Write out each record below exactly, but not the pictures.

• • • • • • •

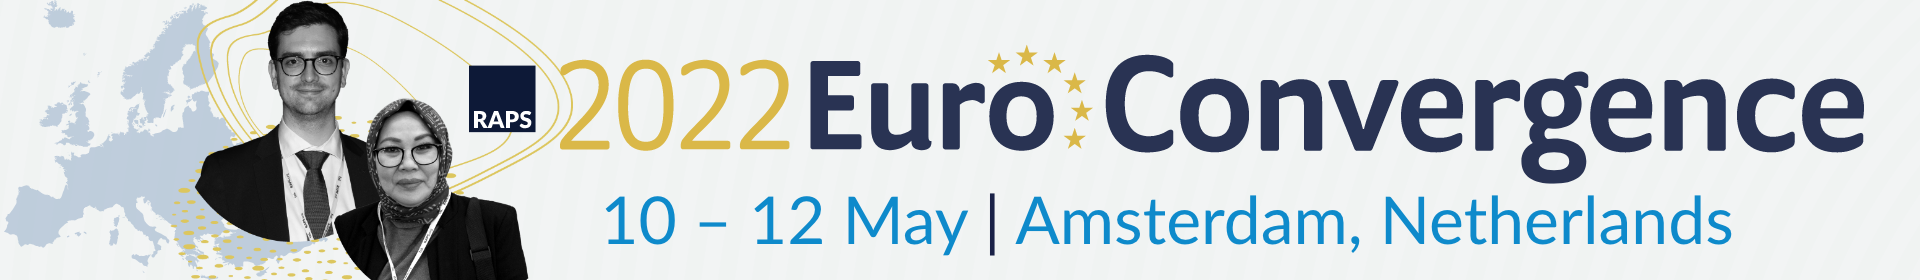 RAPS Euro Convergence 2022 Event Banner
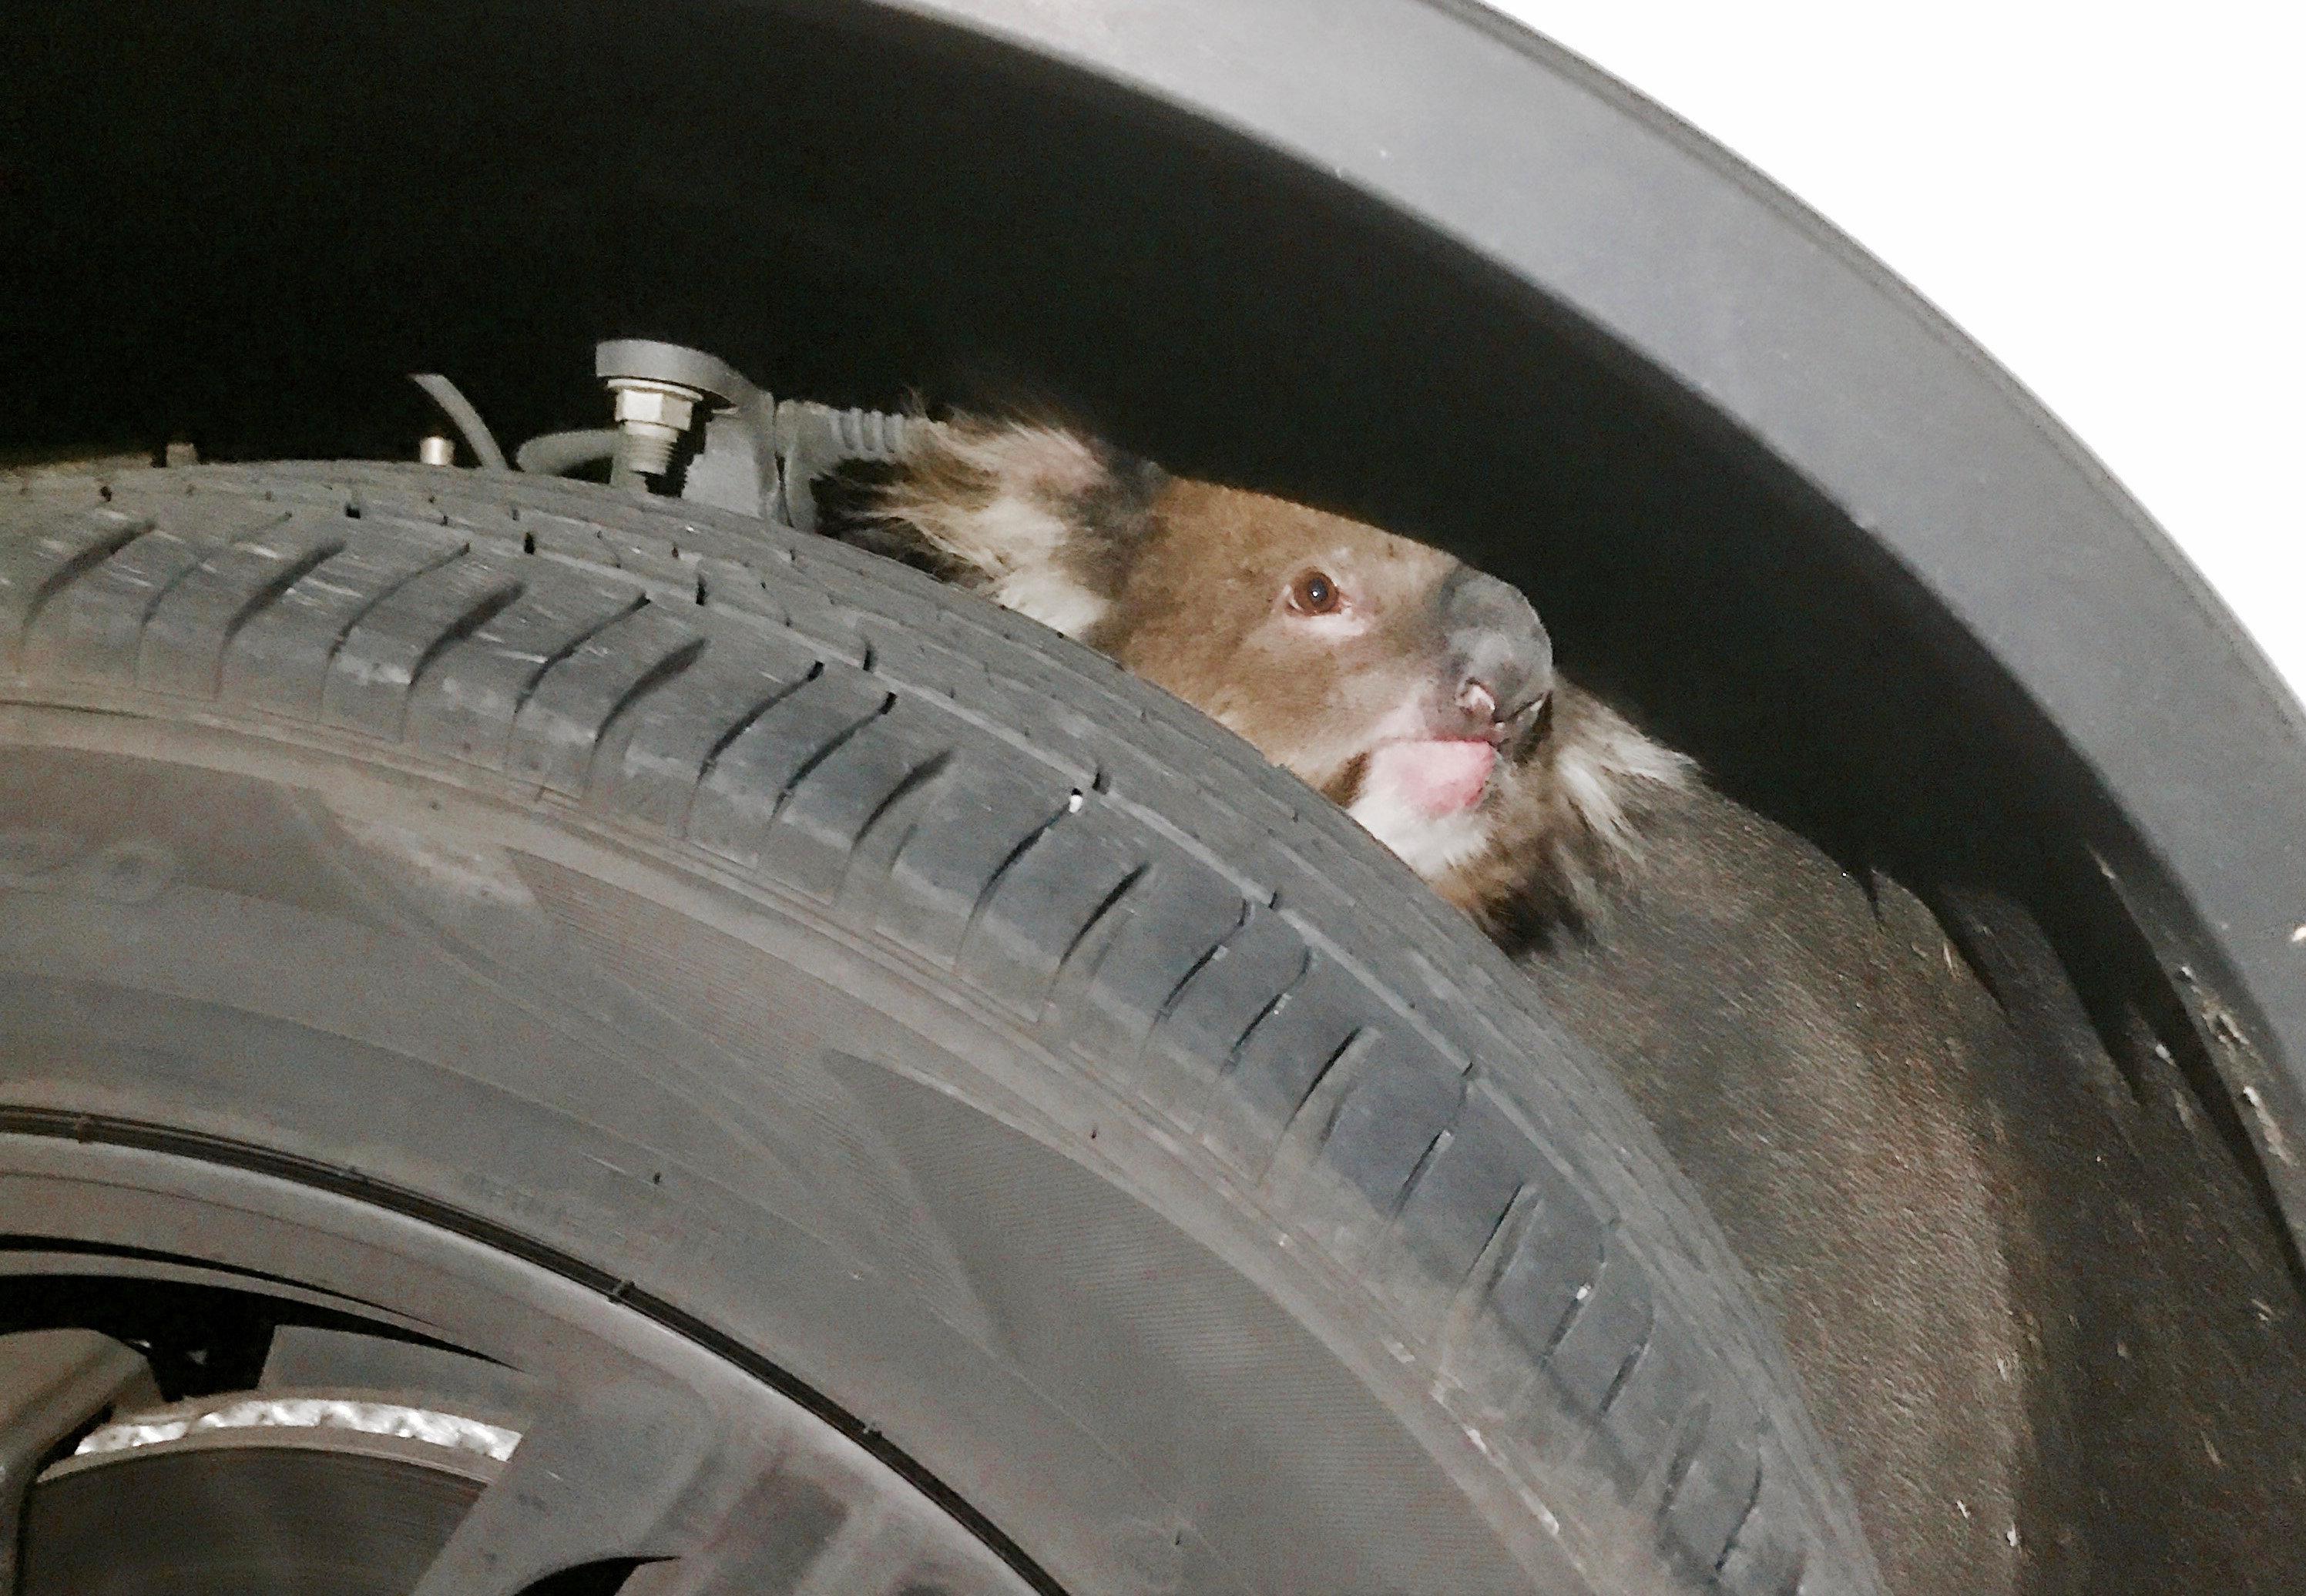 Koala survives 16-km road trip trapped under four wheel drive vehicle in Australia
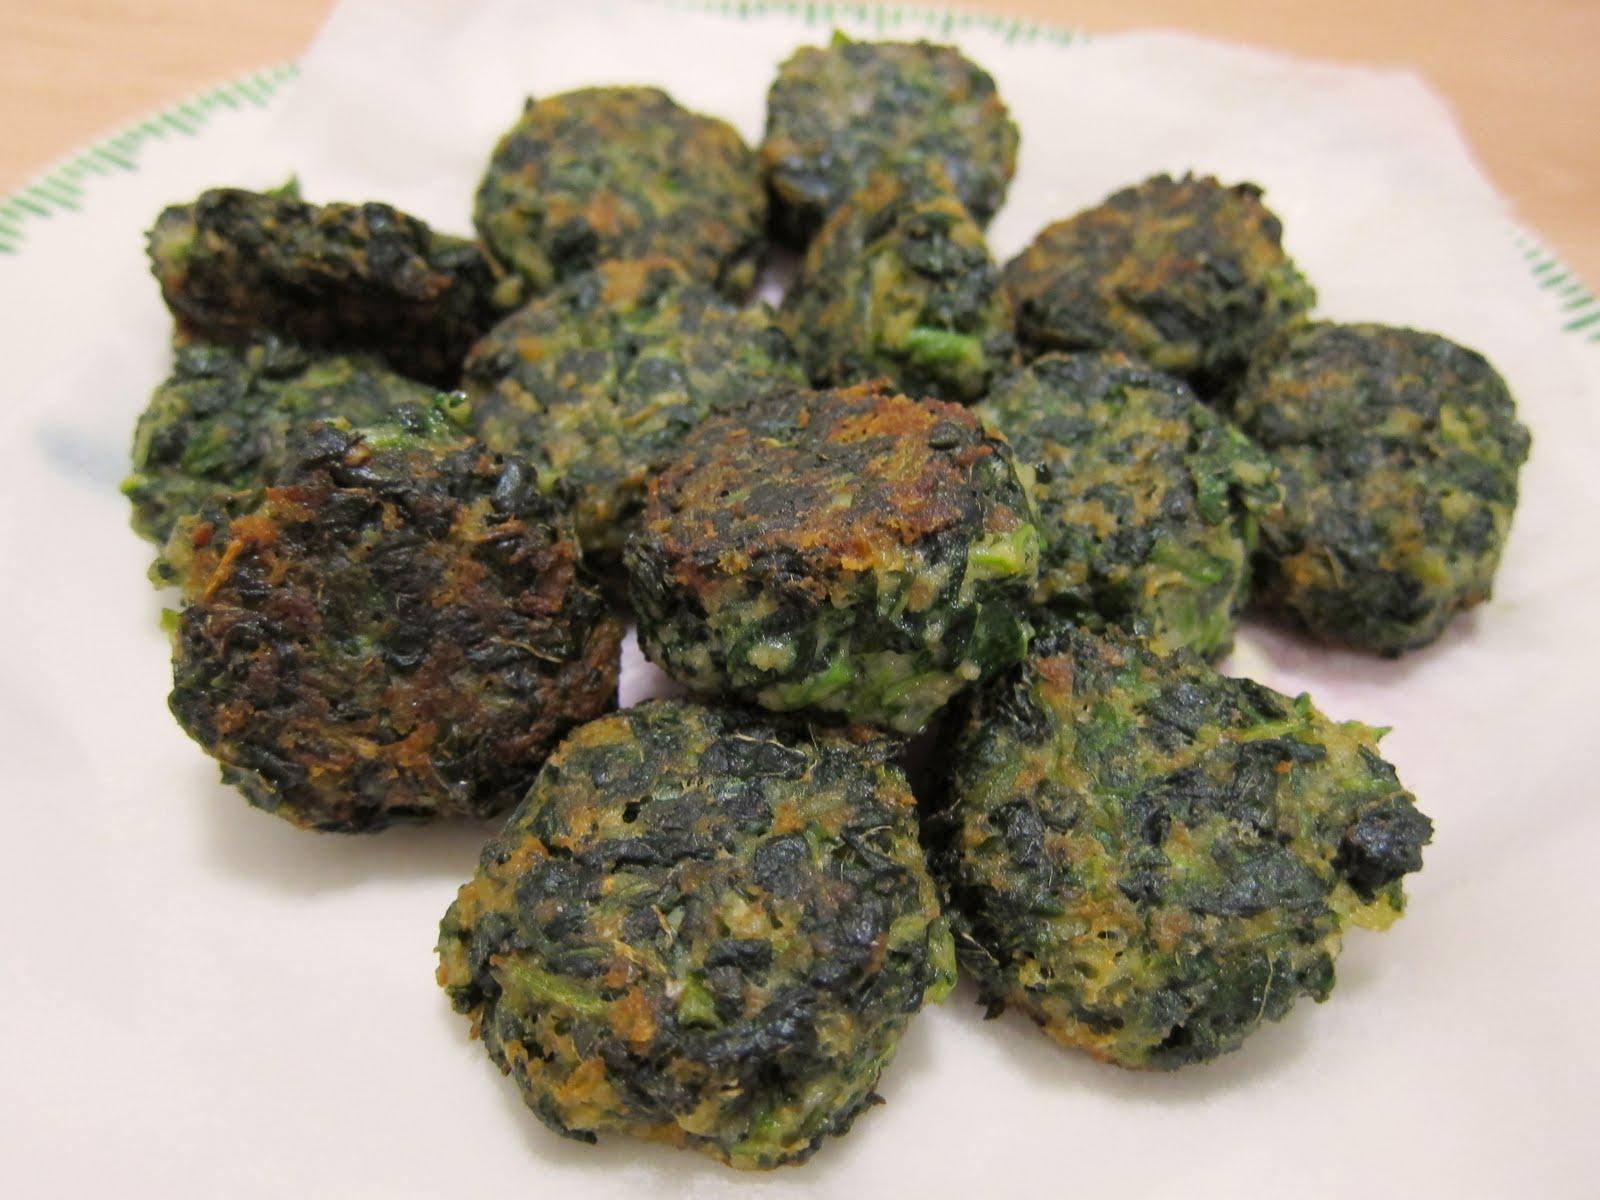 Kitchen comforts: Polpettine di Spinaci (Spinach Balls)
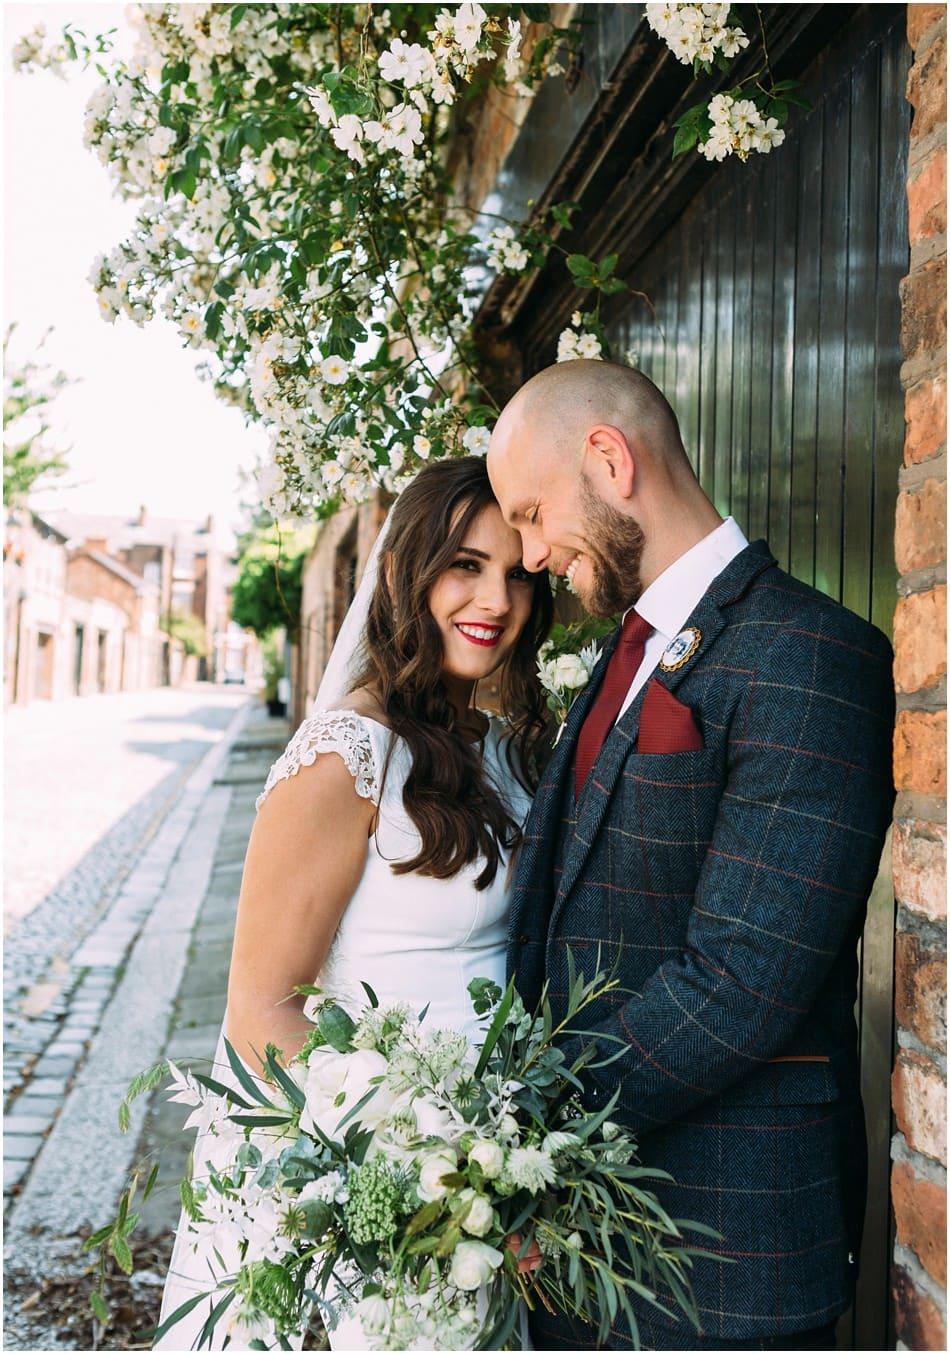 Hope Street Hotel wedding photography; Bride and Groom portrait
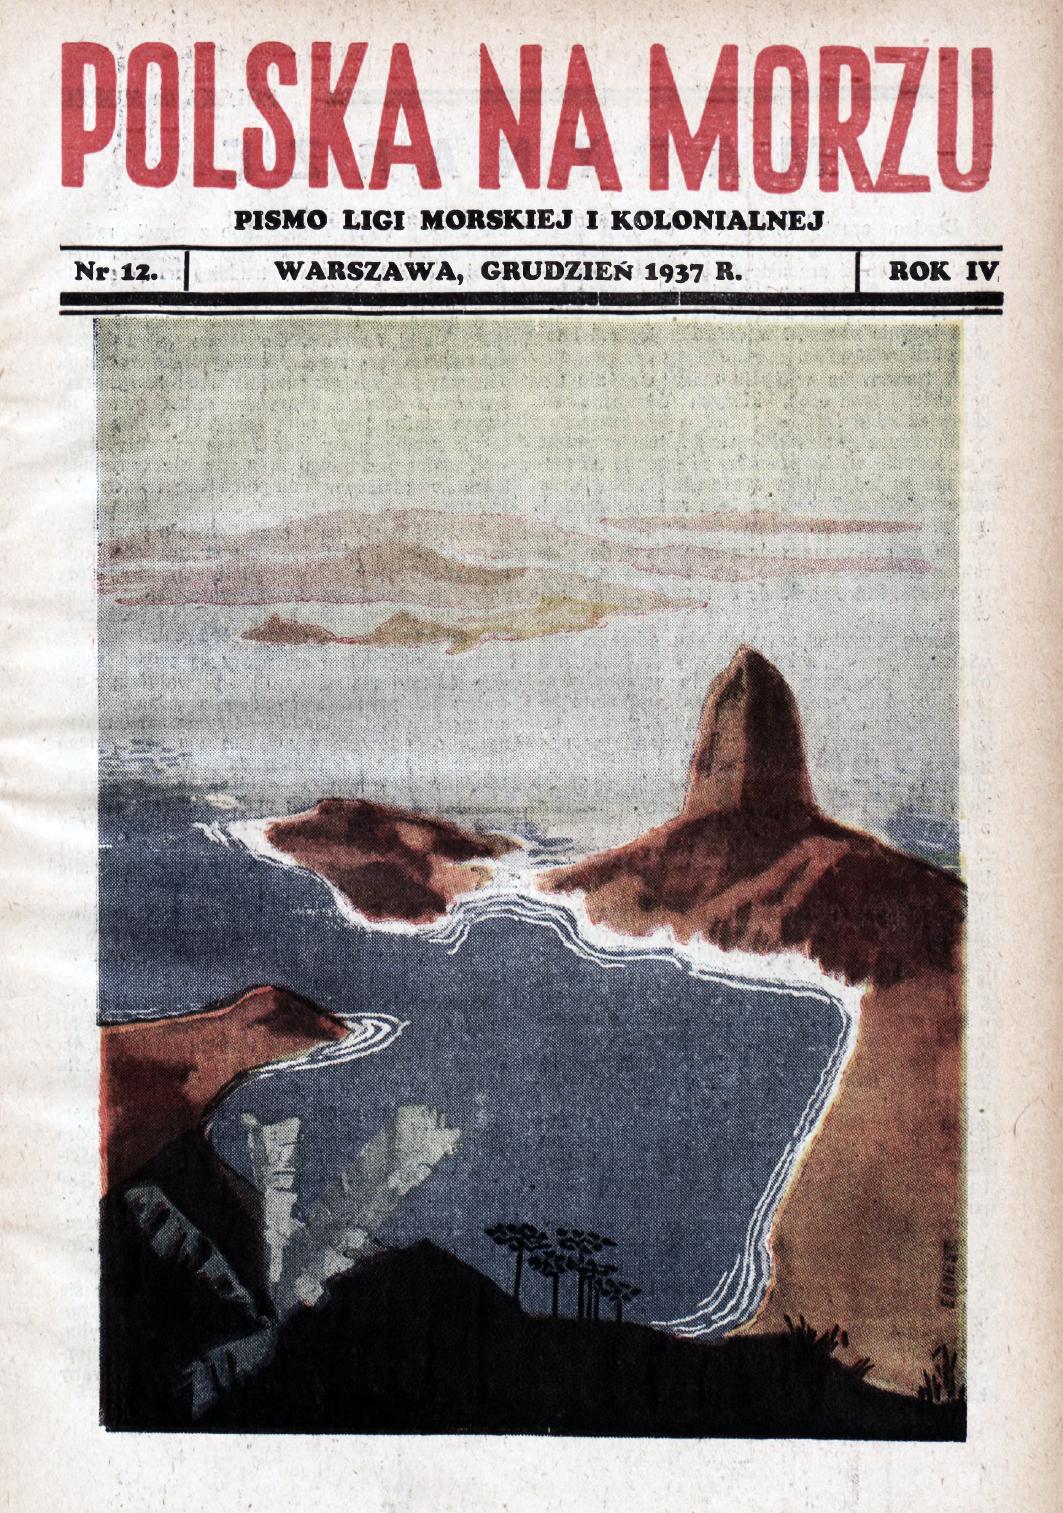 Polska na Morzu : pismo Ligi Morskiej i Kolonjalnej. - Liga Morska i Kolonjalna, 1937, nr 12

• • • • • • •

#### [Task solution]
 RAPS Euro Convergence 2022 Event Banner
 Koala survives 16-km road trip trapped under four wheel drive vehicle in Australia
 Kitchen comforts: Polpettine di Spinaci (Spinach Balls)
 Hope Street Hotel wedding photography; Bride and Groom portrait
 Polska na Morzu : pismo Ligi Morskiej i Kolonjalnej. - Liga Morska i Kolonjalna, 1937, nr 12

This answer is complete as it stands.